PROVIDED MATERIAL>

______________________________

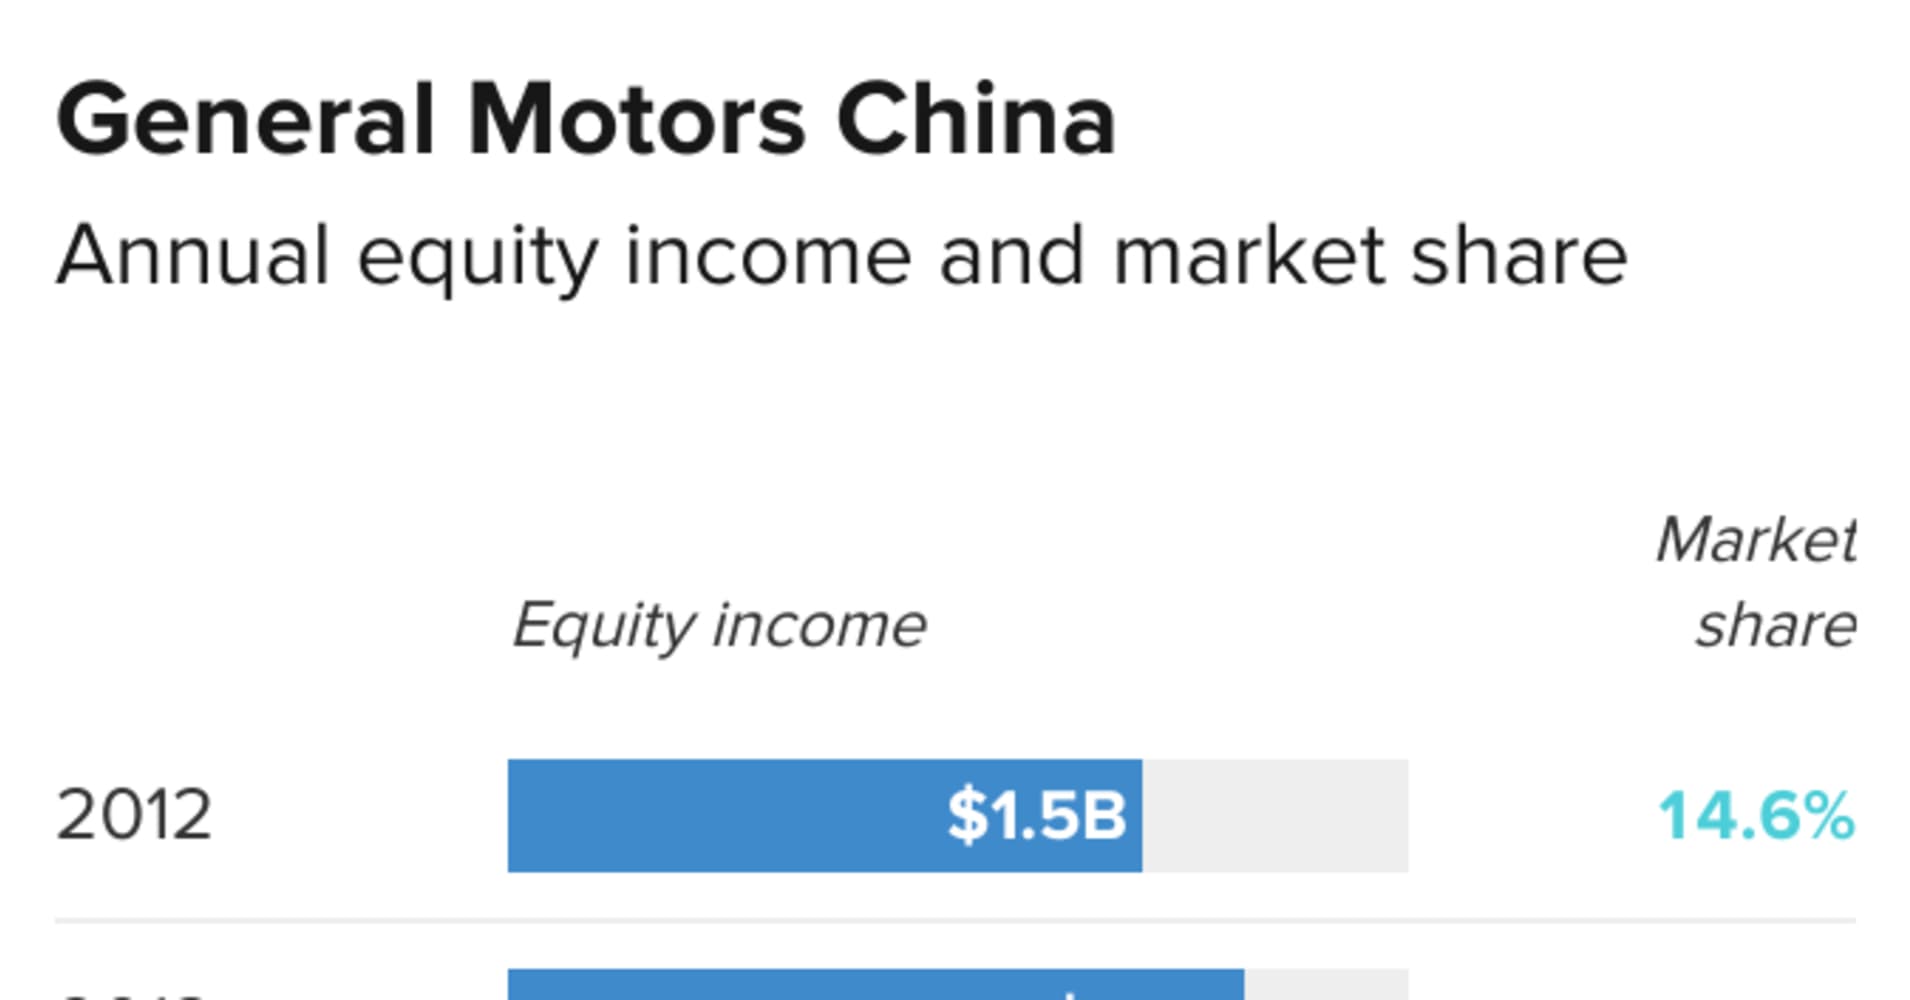 u.s. automakers like gm are rapidly losing ground in china, once an engine for growth
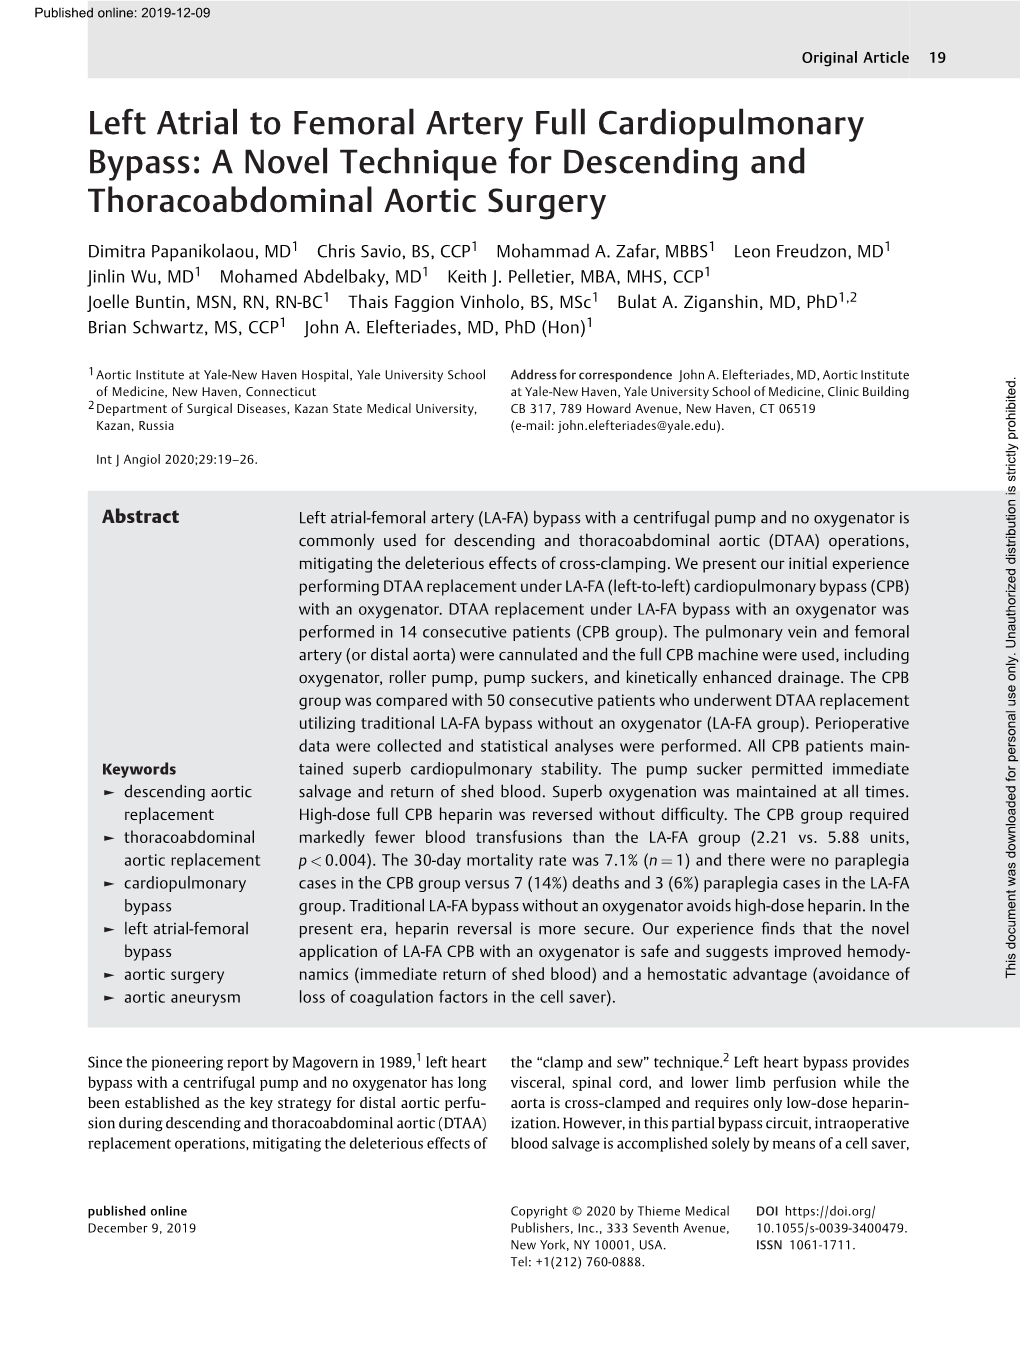 Left Atrial to Femoral Artery Full Cardiopulmonary Bypass: a Novel Technique for Descending and Thoracoabdominal Aortic Surgery
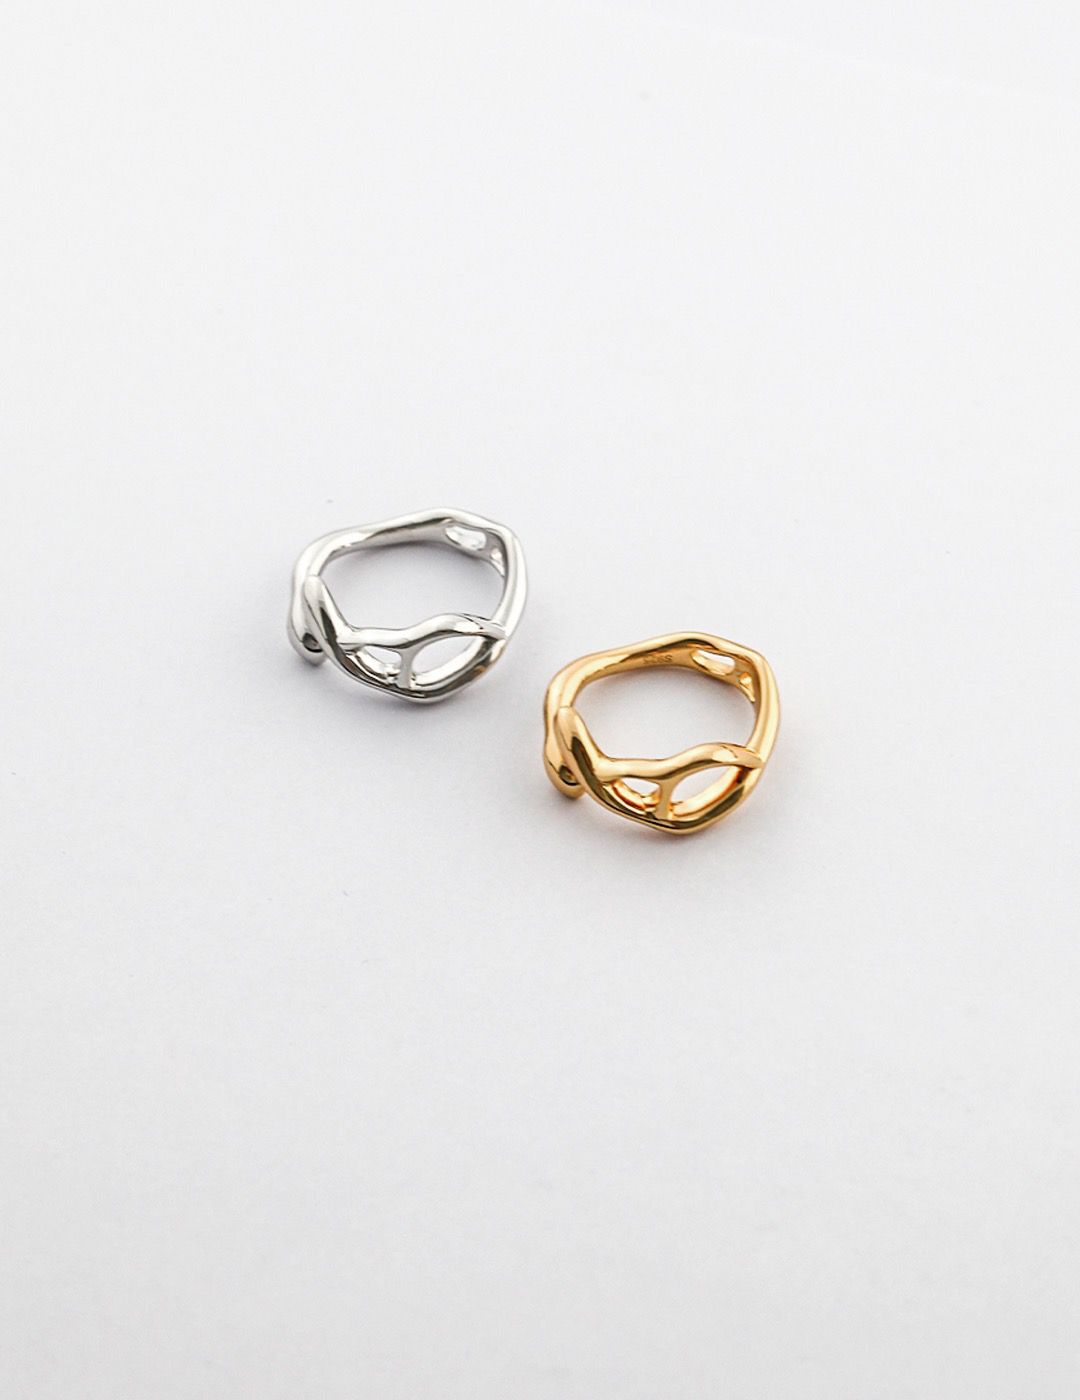 Minimalist Chic Ring with Clean and Streamlined Design
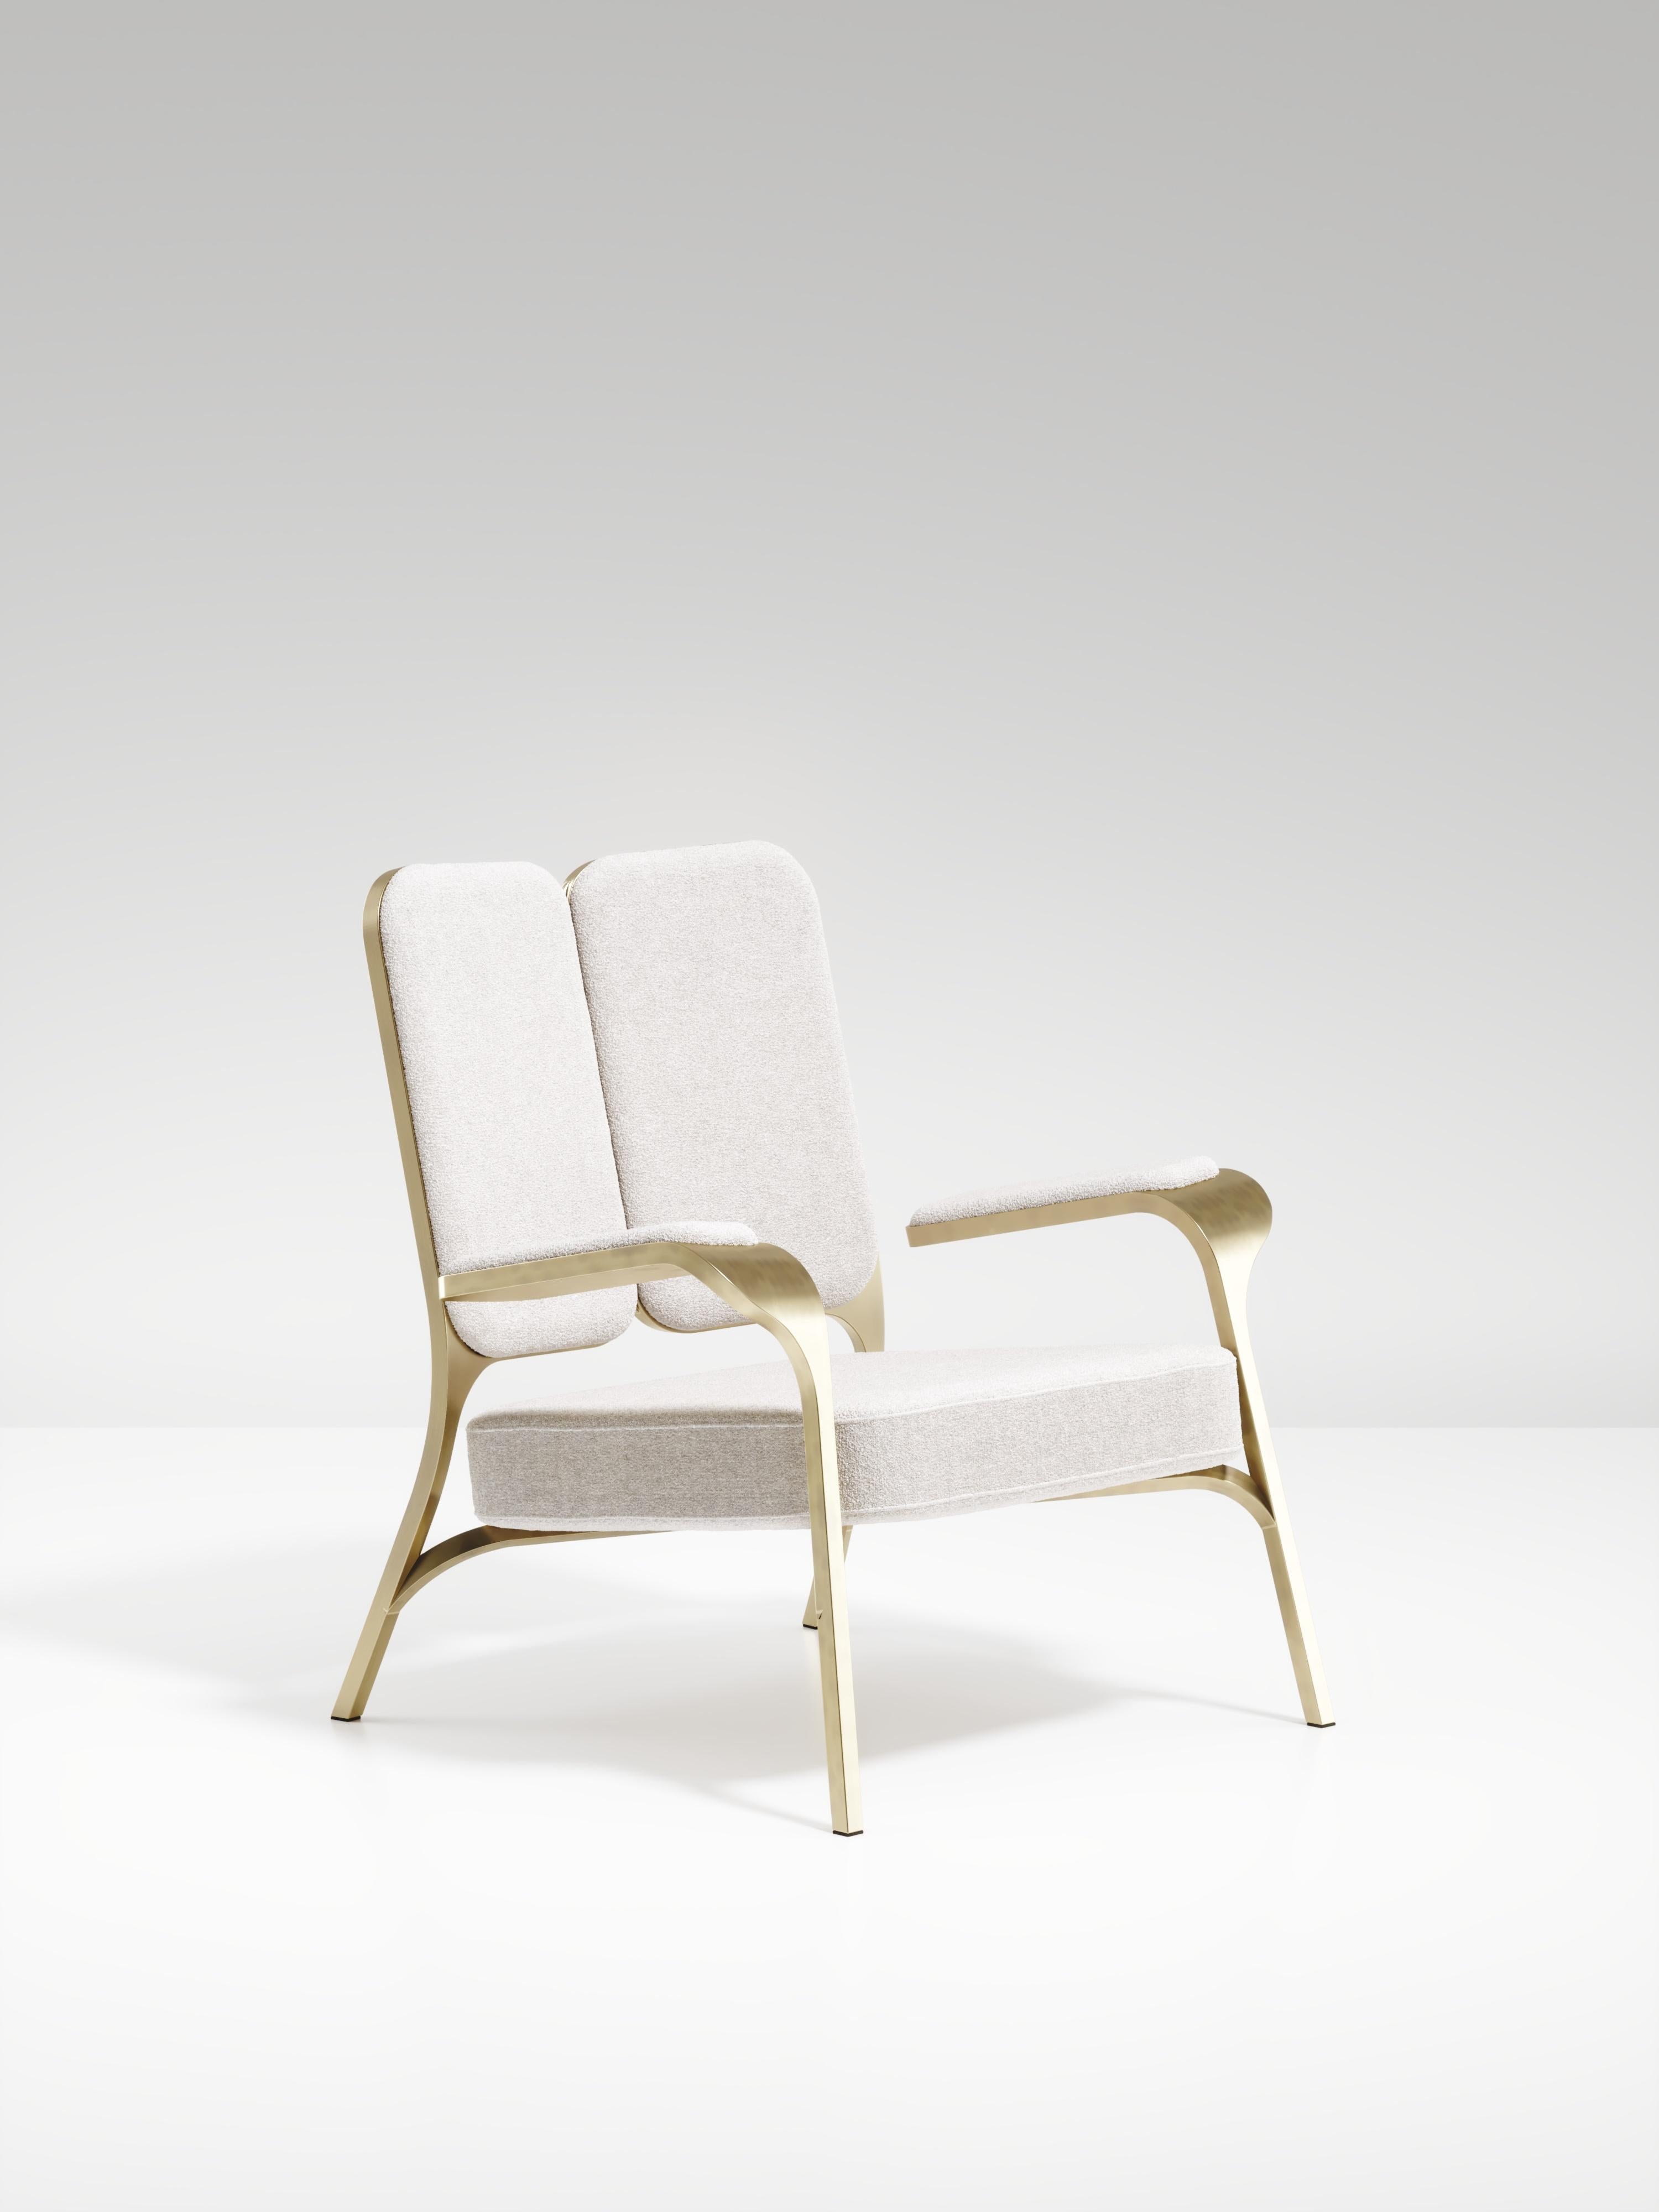 The Set of 2 Gingko armchairs by R & Y Augousti are elegant and whimsical pieces. The cream linen upholstered pieces provide comfort while exuding a playful aesthetic in its abstract nod to a butterfly with the form of its backrest and intricate

______________________________

AIM OF THE EXERCISE>
Return all of the lines above without alteration, minus the pictures.

EXERCISE RESPONSE>
 u.s. automakers like gm are rapidly losing ground in china, once an engine for growth
 Left Atrial to Femoral Artery Full Cardiopulmonary Bypass: a Novel Technique for Descending and Thoracoabdominal Aortic Surgery
 Minimalist Chic Ring with Clean and Streamlined Design
 The Set of 2 Gingko armchairs by R & Y Augousti are elegant and whimsical pieces. The cream linen upholstered pieces provide comfort while exuding a playful aesthetic in its abstract nod to a butterfly with the form of its backrest and intricate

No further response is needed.